Cuando cambia algo tan arraigado como lo es un estereotipo nacional, algo profundo seguramente está ocurriendo. El tradicional (y estúpido) estereotipo mexicano había sido ese del tipo con sombrero largo cómodamente durmiendo recargado en un cactus. Hoy en día, además o aparte de eso ahora portamos un cuerno de chivo bajo el sarape, listos para vender drogas. Este cambio cultural puede verificarse en el cine desde/sobre México. Sesenta o setenta años atrás predominaban historias sobre la Revolución Mexicana o sus legados. Ahora todo gira alrededor de la Guerra contra el Narco. Sólo véase el contraste entre la utopía épica de “Vámonos con Pancho Villa” (1936) de Fernando de Fuentes y la distopía trágica de “El Infierno” (2010) de Luis Estrada. Lo mismo es visible desde el ojo extranjero. Compárese nuestra imagen nacional en “¡Que viva México!” (1932) de Sergei Eisenstein con la película estilo Tarantino “Machete” (2010) de Robert Rodríguez: autenticidad virginal vs corrupción orgánica.

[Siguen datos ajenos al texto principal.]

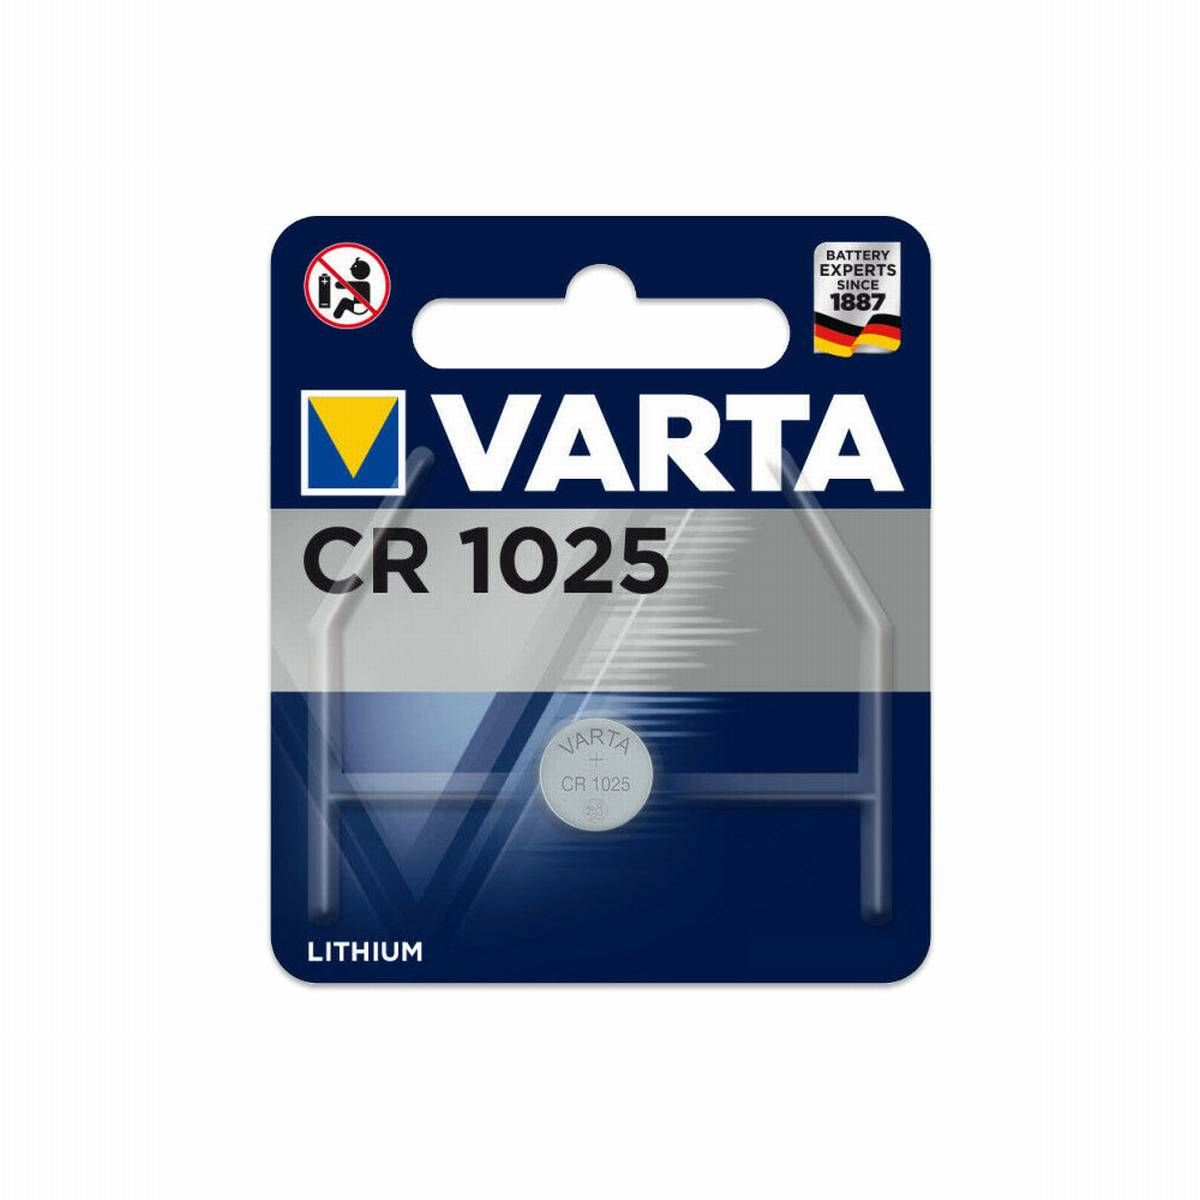 VARTA Electronics CR1025 Lithium 3V 3 Li-MnO2, (1er Knopfzelle Blister) Ah Knopfzelle, Volt, 0.025 Li-MnO2

  1. 1.       Un terremoto político

¿Cuándo empezó todo esto? ¿Cómo pasamos de los cuates ingenuos a los despiadados chicos malos? En diciembre de 2006 el recién electo Presidente Felipe Calderón le declaró la guerra al narco. El Secretario de Gobernación de ese momento, Francisco Ramírez Acuña, explicó el lanzamiento de la “Operación Conjunta Michoacán”, como un esfuerzo para “acabar con la impunidad de los delincuentes que ponen en riesgo la tranquilidad de todos los mexicanos y, especialmente, de nuestras familias.”[i] Desde entonces, la palabra “seguridad” se convirtió en uno de los ejes del discurso político en México. De nuevo, ¿por qué? En esa elección, los dos candidatos punteros terminaron con una diferencia de menos del 1% de los votos, con el derrotado Andrés Manuel López Obrador denunciando fraude electoral; y así, debilitando seriamente al ganador. Su falta de una legitimidad incuestionada lo llevó a buscar medios para ganar estatura política rápidamente. ¿Por cuál ruta optó?: lanzar un estruendoso y selectivo ataque a cárteles de la droga (epítomes de “lo criminal”) con el objeto de presentarse como la encarnación de los intereses nacionales de todos los mexicanos. Peor aún, esta decisión de Calderón también significó un alineamiento a la política exterior de Estados Unidos. Por ello no fue sorprendente que Washington rápido explotara la oportunidad al declarar su apoyo al gobierno mexicano primero, e institucionalizando tal apoyo después. Así nace la “Iniciativa Mérida”, un acuerdo militar México-E.U. firmado en 2008 para juntos sostener la “guerra a las drogas”.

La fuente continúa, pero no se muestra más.